— WHAT TO WORK ON —
Below is a listing from which only part is wanted; return exactly the lines from the one with "MONTEVIDEO, URUGUAY - FEB" up to and including the one with "Set Of Different".

— MATERIAL PROVIDED —
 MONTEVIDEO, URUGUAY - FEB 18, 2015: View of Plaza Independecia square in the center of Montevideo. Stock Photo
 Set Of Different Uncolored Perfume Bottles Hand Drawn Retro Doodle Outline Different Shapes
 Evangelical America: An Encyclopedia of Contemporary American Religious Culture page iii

--

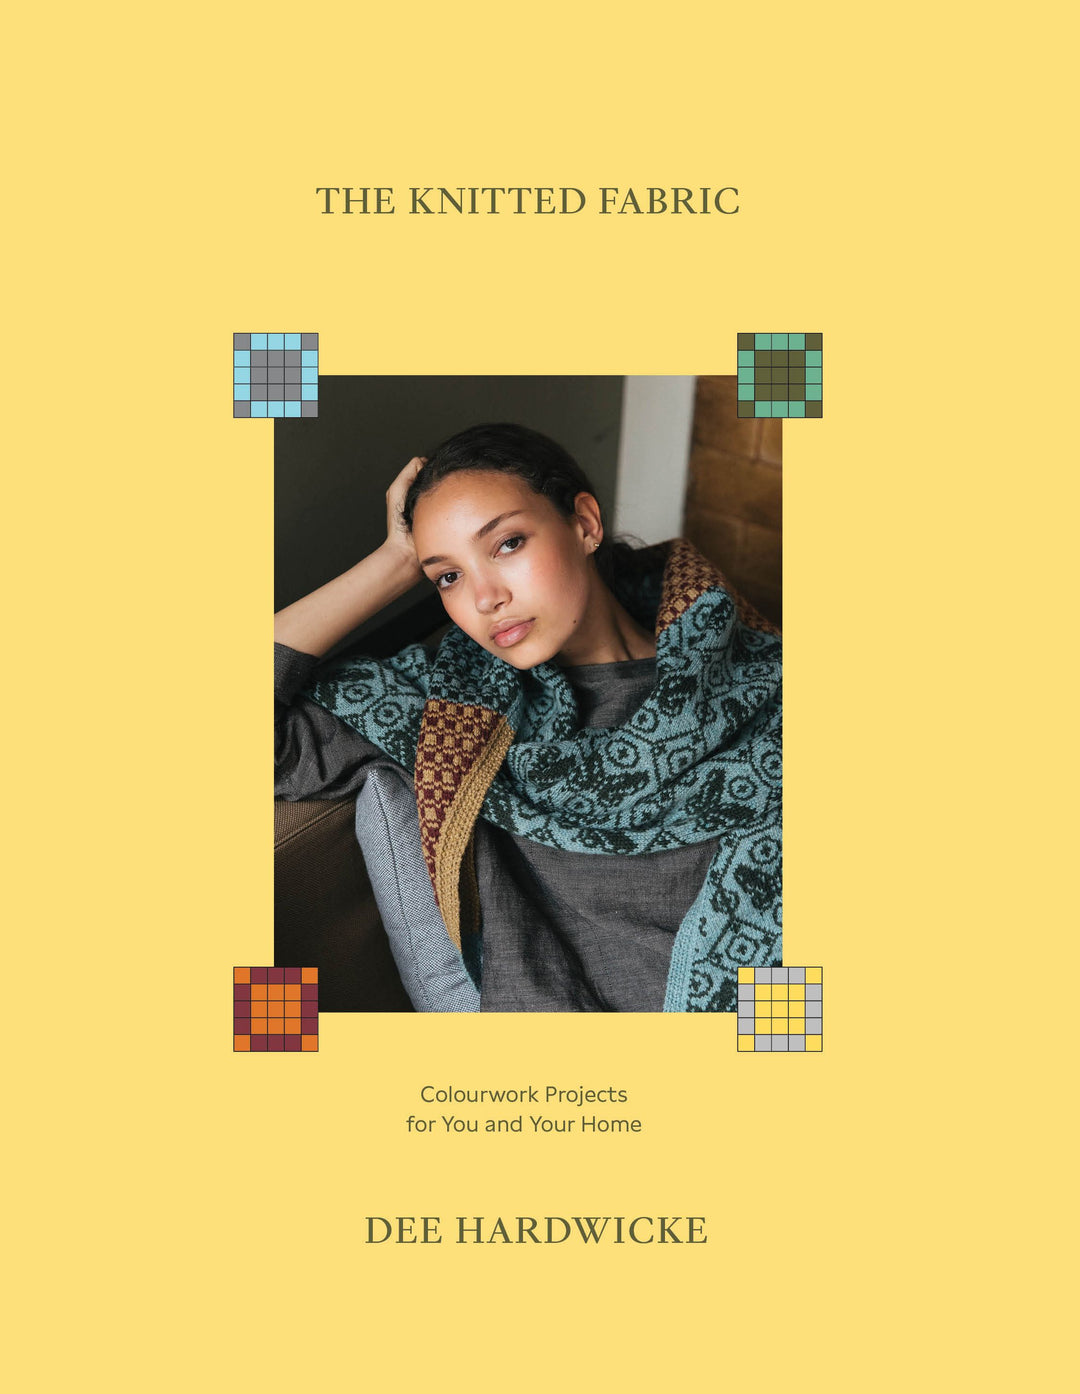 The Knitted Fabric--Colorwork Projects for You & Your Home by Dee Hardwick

==

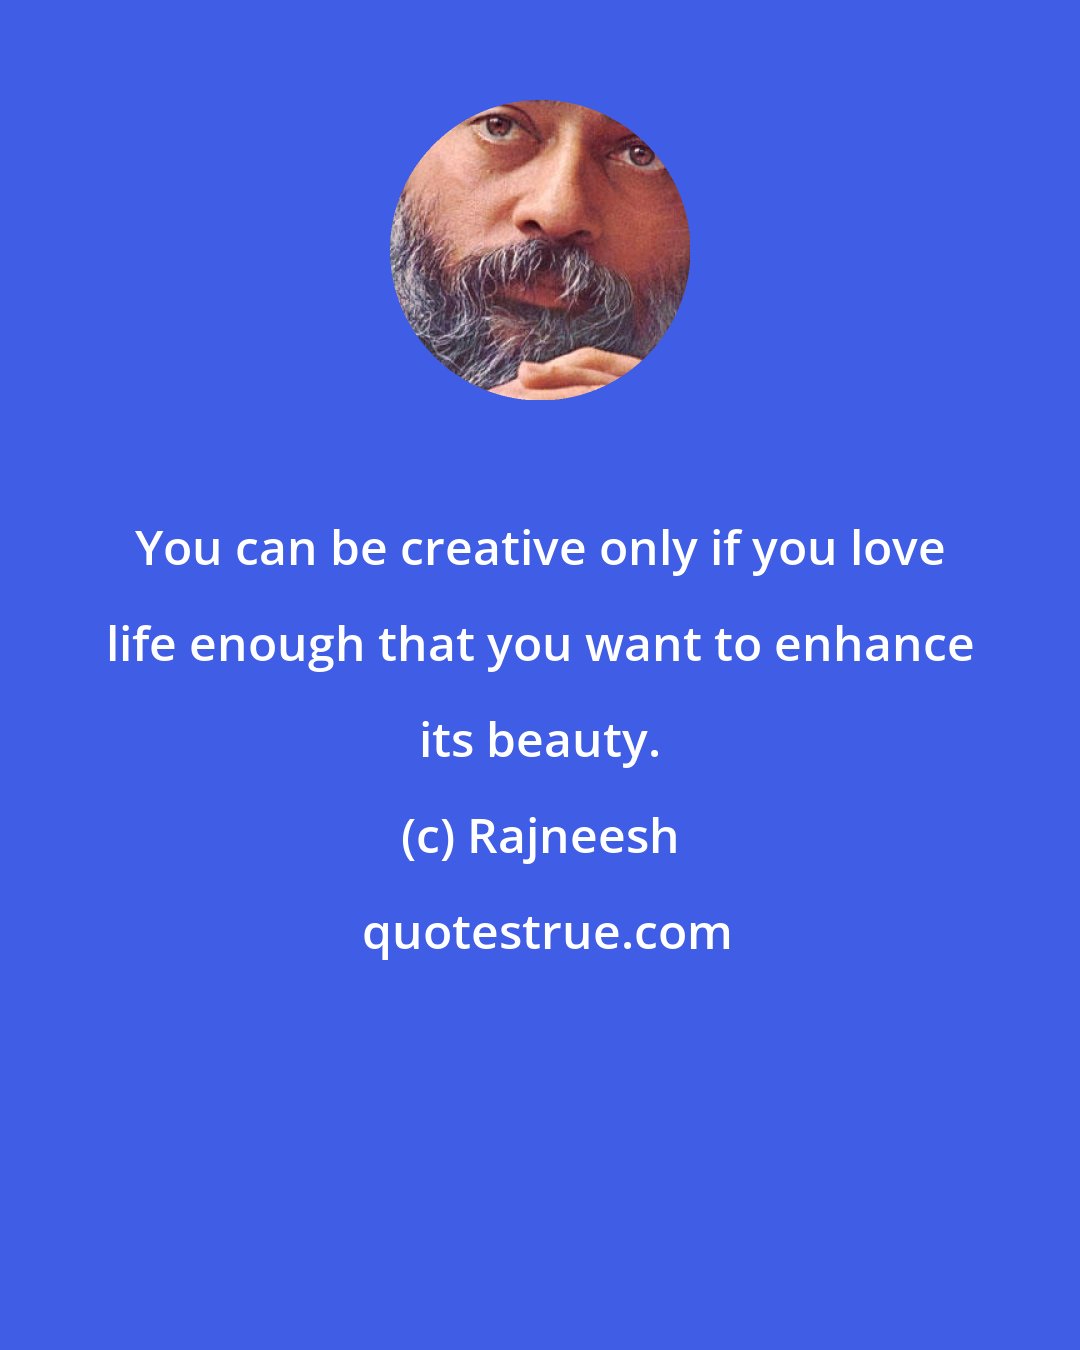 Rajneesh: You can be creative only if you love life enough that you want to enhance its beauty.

— PROBLEM SOLUTION —
 MONTEVIDEO, URUGUAY - FEB 18, 2015: View of Plaza Independecia square in the center of Montevideo. Stock Photo
 Set Of Different Uncolored Perfume Bottles Hand Drawn Retro Doodle Outline Different Shapes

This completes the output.